Masyarakat Tuna Rungu Kesehatan Mental dan Hambatan untuk Perawatan

Orang Tuna Rungu Menghadapi Tantangan Utama Mengakses Layanan Kesehatan Mental

Komunitas tuna rungu berjuang setiap hari dengan stigma, prasangka, dan komunikasi, tetapi itu tidak semua: penelitian medis telah menemukan bahwa orang tuli menderita masalah kesehatan mental sekitar dua kali lipat tingkat populasi umum, dan juga memiliki masalah nyata dalam mengakses layanan kesehatan mental yang dibutuhkan. .

Masalah kesehatan mental umum dalam komunitas tuna rungu termasuk depresi, kecemasan dan penyakit berat seperti gangguan bipolar dan skizofrenia .

Penyakit mental diperparah dalam komunitas tuna rungu oleh kesulitan berkomunikasi dengan penyedia layanan - peneliti telah menemukan bahwa membaca bibir tidak memadai, juru bahasa yang tahu bahasa isyarat langka, dan banyak alat diagnostik bergantung pada pengetahuan yang tidak umum di antara mereka yang tuli .

Kesehatan Mental di Komunitas Tuna Rungu

Banyak orang mengalami gangguan pendengaran - antara 15% dan 26% dari populasi, menurut satu penelitian. Tapi itu masalah yang berbeda untuk menjadi tuli, terutama jika Anda menjadi tuli sebelum Anda memiliki kesempatan untuk belajar bahasa lisan. Sekitar tujuh dari setiap 10.000 orang masuk dalam kategori ini, dan kebanyakan menganggap diri mereka sebagai minoritas budaya yang menggunakan bahasa isyarat alih-alih bahasa lisan.

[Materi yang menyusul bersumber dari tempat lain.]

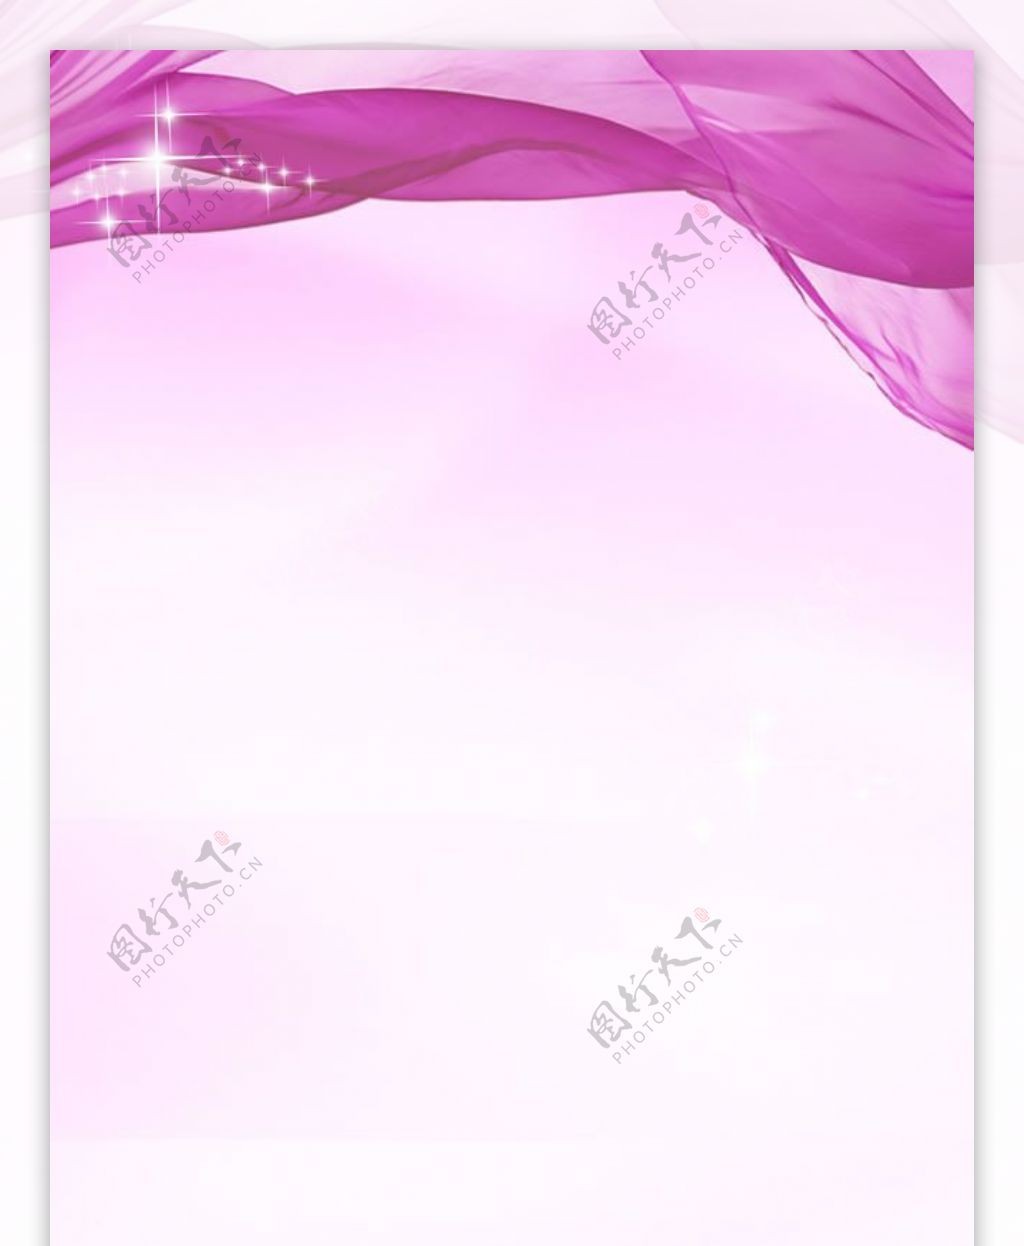 紫色展板背景图片PSD素材
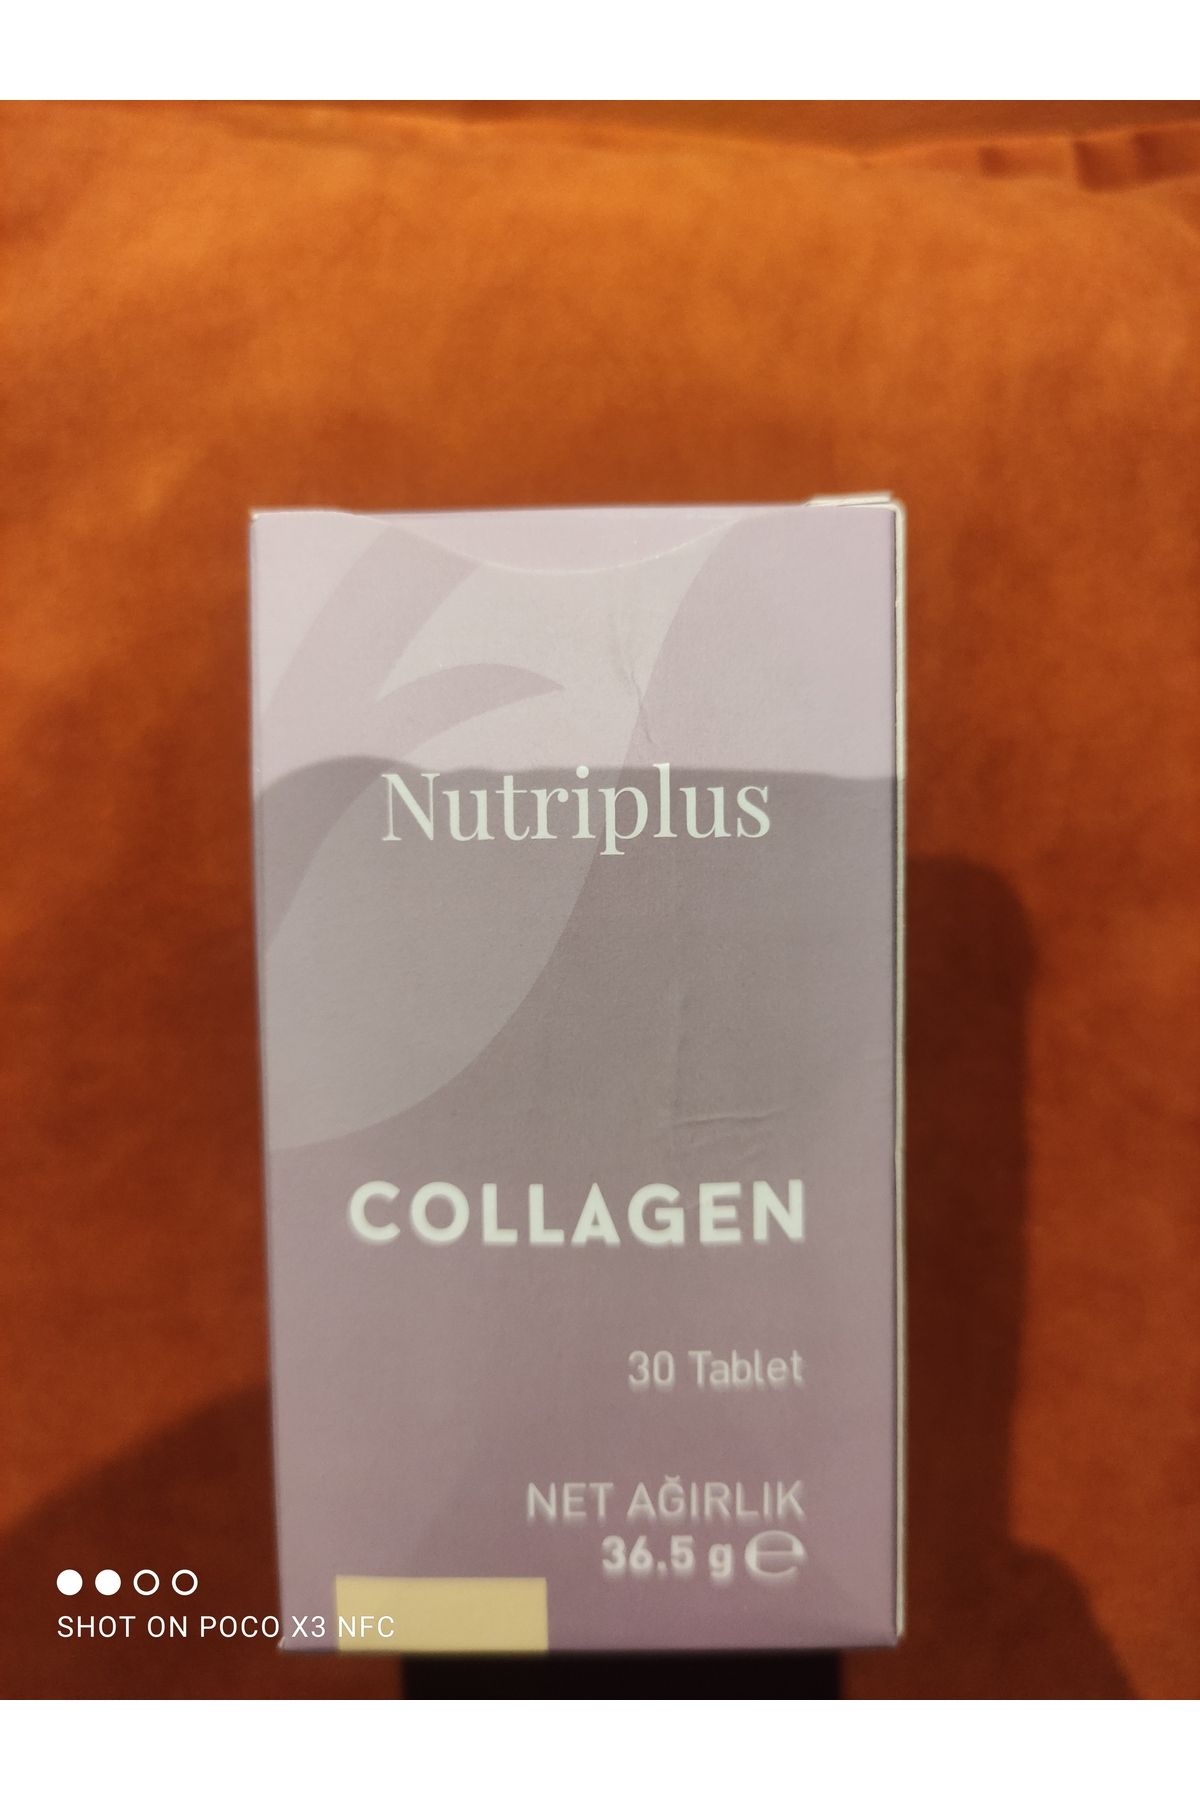 Farmasi collagen

Perjuangan untuk berfungsi di dunia pendengaran dapat menyebabkan masalah kesehatan mental. Dalam satu penelitian yang melibatkan orang yang mengalami gangguan pendengaran, sekitar 41% mengatakan mereka percaya bahwa masalah komunikasi ditambah dengan tekanan keluarga dan prasangka secara keseluruhan dapat menyebabkan atau berkontribusi terhadap depresi bunuh diri, penyalahgunaan zat atau perilaku kekerasan dalam beberapa kasus.

Penelitian lain menemukan bahwa sekitar seperempat siswa tunarungu mengalami kesulitan belajar, keterlambatan perkembangan, gangguan penglihatan atau autisme. Anak-anak tunarungu yang mengalami kesulitan berkomunikasi dengan keluarga mereka empat kali lebih mungkin terkena gangguan kesehatan mental daripada anak-anak tuli yang memiliki sedikit atau tidak ada masalah berkomunikasi dengan anggota keluarga.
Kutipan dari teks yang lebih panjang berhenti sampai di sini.